Therefore, the inventors focused on the feed system of lubricating oil or fuel of vehicles in particular and investigated what kind of effect static electricity which a vehicle carries has on the feed system of lubricating oil or fuel of vehicles and the specific reasons for these effects. As a result of their investigation, the inventors discovered that if a vehicle is charged with static electricity, the viscosity of the lubricating oil or fuel rises and affects the operating response of the engine and discovered a suitable method of eliminating static electricity which is required for improving the engine operating response.

Solution to Problem

That is, according to embodiments of the present invention, there is provided a feed system of lubricating oil or fuel of a vehicle including a tank which stores a lubricating oil or fuel, a strainer for lubricating oil or fuel, which is arranged at a bottom portion of the tank, and the tank and the lubricating oil or fuel which is stored in the tank carrying a positive charge. A self-discharge type static eliminator which can discharge a positive carried charge to air is placed on an outside surface of a bottom wall of the tank which corresponds to a back side of an inside surface of the bottom wall of the tank which faces said strainer to thereby eliminate static electricity from lubricating oil or fuel which flows into said strainer by said self-discharge type static eliminator.

Advantageous Effects of Embodiments of the Invention

It is possible to remarkably improve the operating response of the engine by eliminating static electricity from the lubricating oil or fuel by the self-discharge type static eliminator to thereby lower the viscosity of the lubricating oil or fuel.

BRIEF DESCRIPTION OF THE DRAWINGS

FIG. 1 is a side cross-sectional view of a schematically shown tank of lubricating oil or fuel of a vehicle.

FIGS. 2A and 2B are views which show a self-discharge type static eliminator.

FIGS. 3A and 3B are views for explaining a static elimination action and a self-discharge action.

FIGS. 4A and 4B are views for explaining a static elimination action.

DESCRIPTION OF EMBODIMENTS

Vehicles mount various shapes and types of lubricating oil tanks and various shapes and types of fuel tanks which differ with each vehicle. The lubricating oil tanks and fuel tanks may differ in shapes and types but these tanks are provided with strainers arranged therein, and further, these tanks are provided with pumps for sucking lubricating oil or fuel inside the tanks through the strainers at the insides or the outsides of the tanks. FIG. 1 shows a typical lubricating oil or fuel tank 1 which is provided with a strainer 2 and pump 3. In the example which is shown in FIG. 1, lubricating oil or fuel 4 is stored in the tank 1, and the strainer 2 is arranged at the bottom portion of the tank 1. Further, in the example which is shown in FIG. 1, the tank 1 is formed from a metal material.

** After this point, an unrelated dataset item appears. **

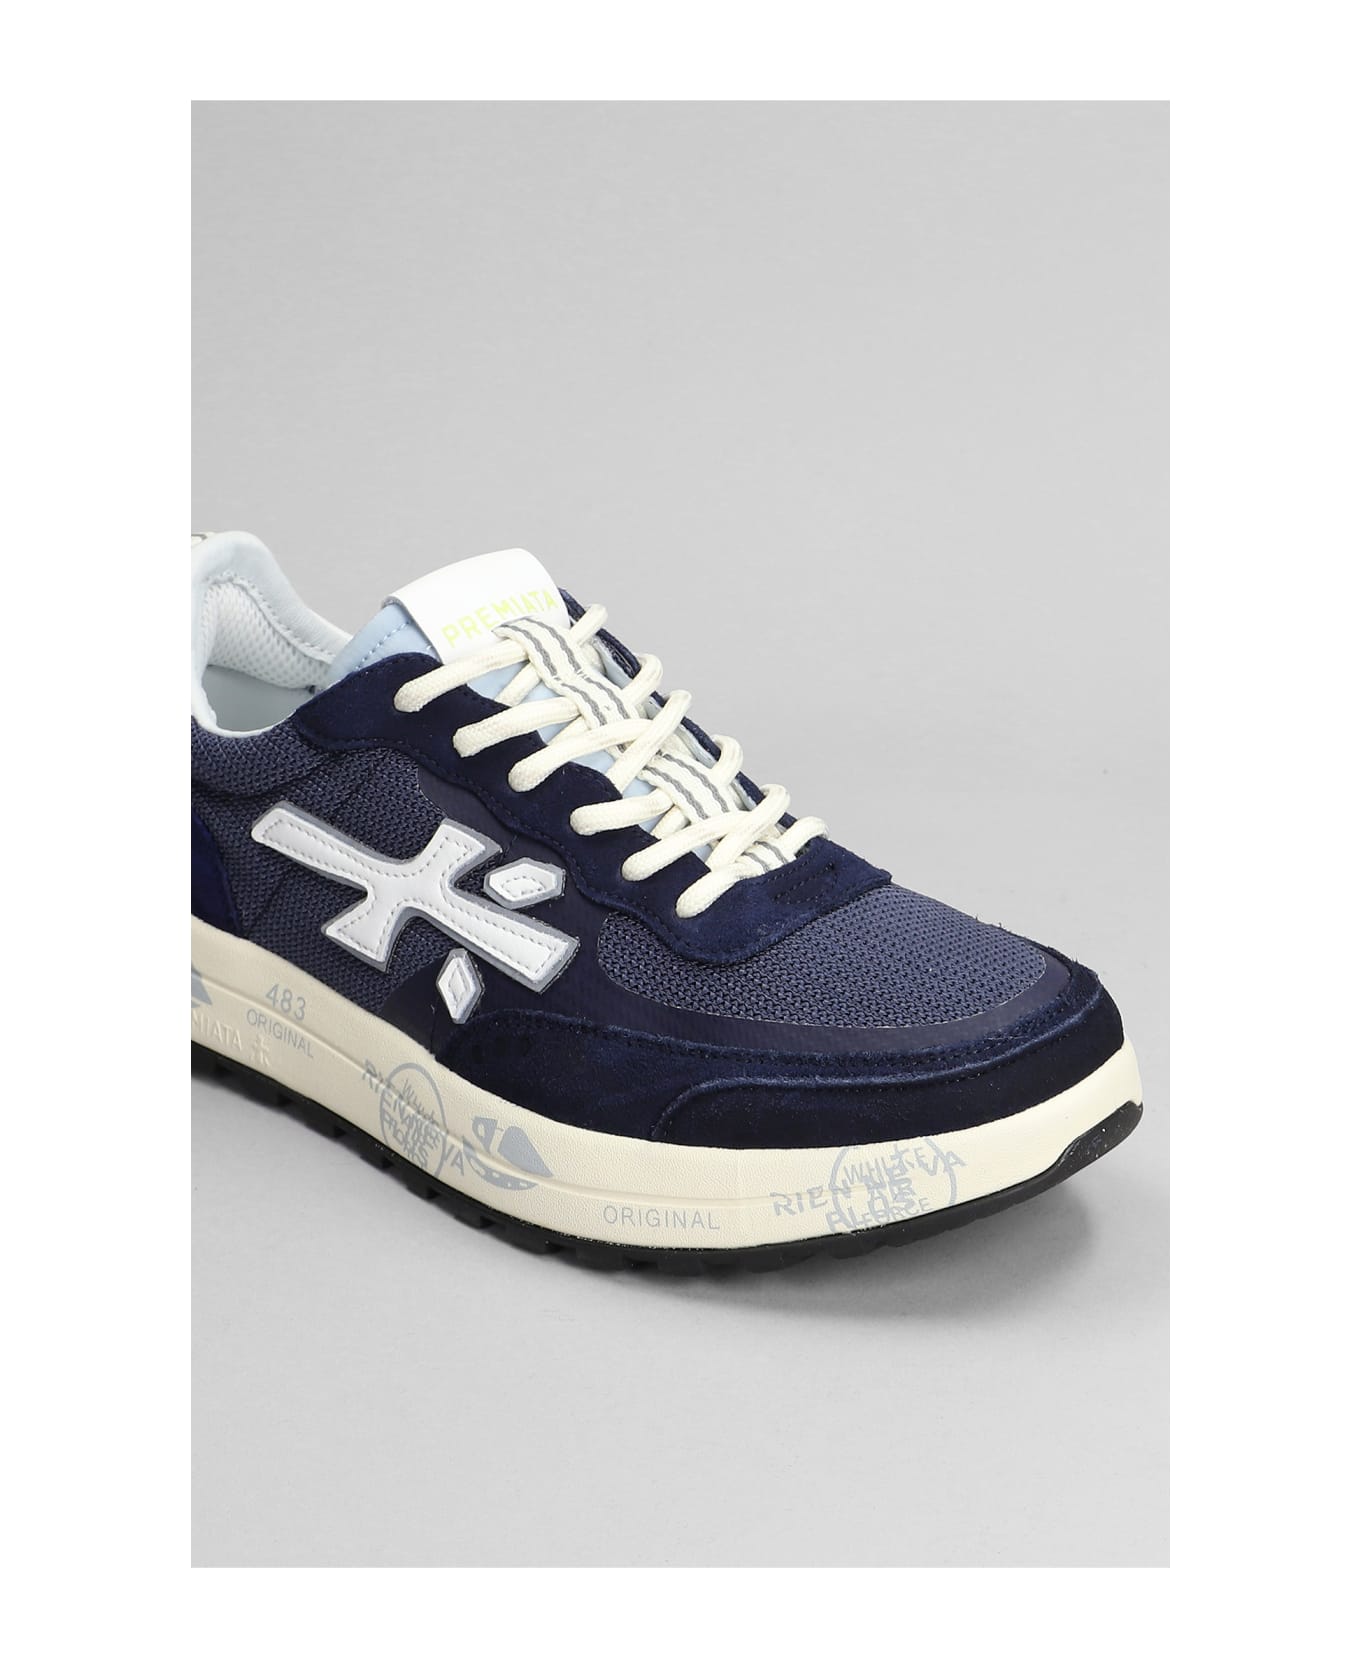 Premiata Nous Sneakers In Blue Suede And Fabric - blue

At the time of engine operation, the lubricating oil or fuel 4 inside the tank 1 is sucked through the strainer 2 by the pump 3. Where lubricating oil is stored in the tank 1, the lubricating oil which is sucked through the strainer 2 by the pump 3 is fed through a flow pipe 5 to the engine or automatic transmission. Where fuel is stored in the tank 1, the fuel which is sucked through the strainer 2 by the pump 3 is fed through the flow pipe 5 to the engine. Note that the strainer 2 is arranged near the inside surface 7 of the bottom wall 6 of the tank 1. Therefore, the lubricating oil or fuel 4 inside the tank 1, as shown by the arrows, flows toward the strainer 2 while flowing along the inside surface 7 of the bottom wall 6 of the tank 1 and flows into the inside of the strainer 2.

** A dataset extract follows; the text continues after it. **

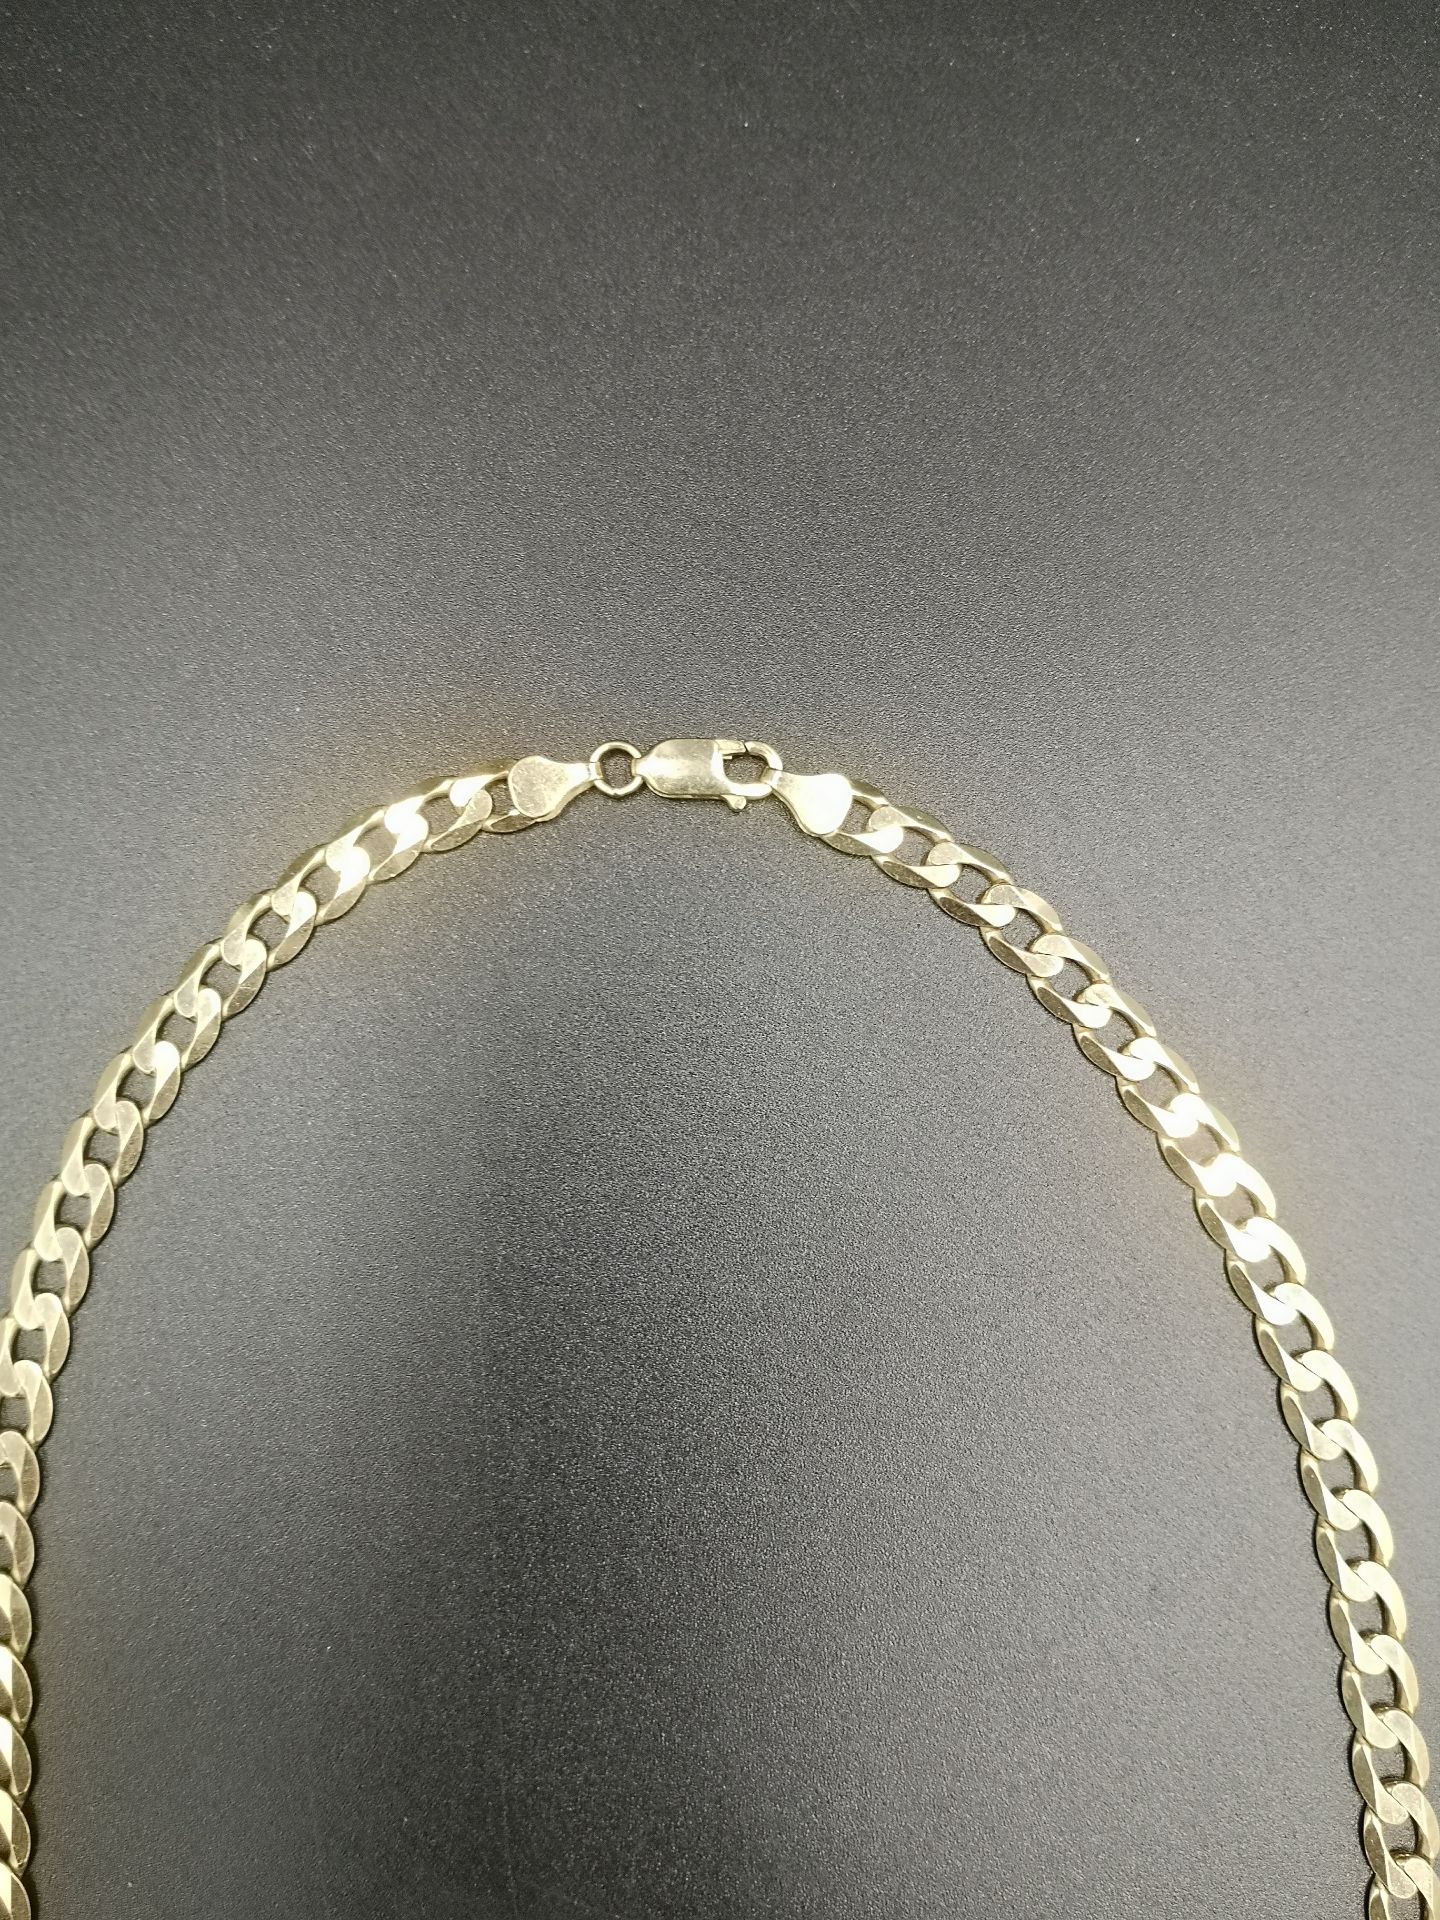 9ct gold curb link chain - Image 2 of 7

Now then, if the vehicle is run, the different parts of the tires repeatedly contact and separate from the road surface whereby static electricity is generated. Further, the component parts of the engine and the component parts of the brake system move relative to each other whereby static electricity is also generated. Further, when the vehicle is running, air runs while contacting the outer circumferential surface of the vehicle with friction whereby static electricity is generated as well. Due to the static electricity which is thus generated, the body of the vehicle, engine, etc. carry a charge, and the tank 1 and the lubricating oil or fuel 4 inside the tank 1 also carry a charge. At this time, it has been confirmed that the tank 1 and the lubricating oil or fuel 4 inside the tank 1 carry a positive charge, and further, it has been confirmed that the value of the voltage of the tank 1 and the lubricating oil or fuel 4 inside the tank 1 becomes a high voltage of 1000V or more.

If the lubricating oil or fuel carries a charge, the viscosity of the lubricating oil or fuel rises. As a result, at the time of engine operation, the lubricating oil or fuel is no longer fed to the required locations with a good response. As a result, the operating response of the engine deteriorates. In this case, to prevent the operating response of the engine from deteriorating, the viscosity of the lubricating oil or fuel has to be lowered, and to this end, it is necessary to eliminate the charge which is carried by the lubricating oil or fuel, that is, to eliminate the static electricity of the lubricating oil or fuel.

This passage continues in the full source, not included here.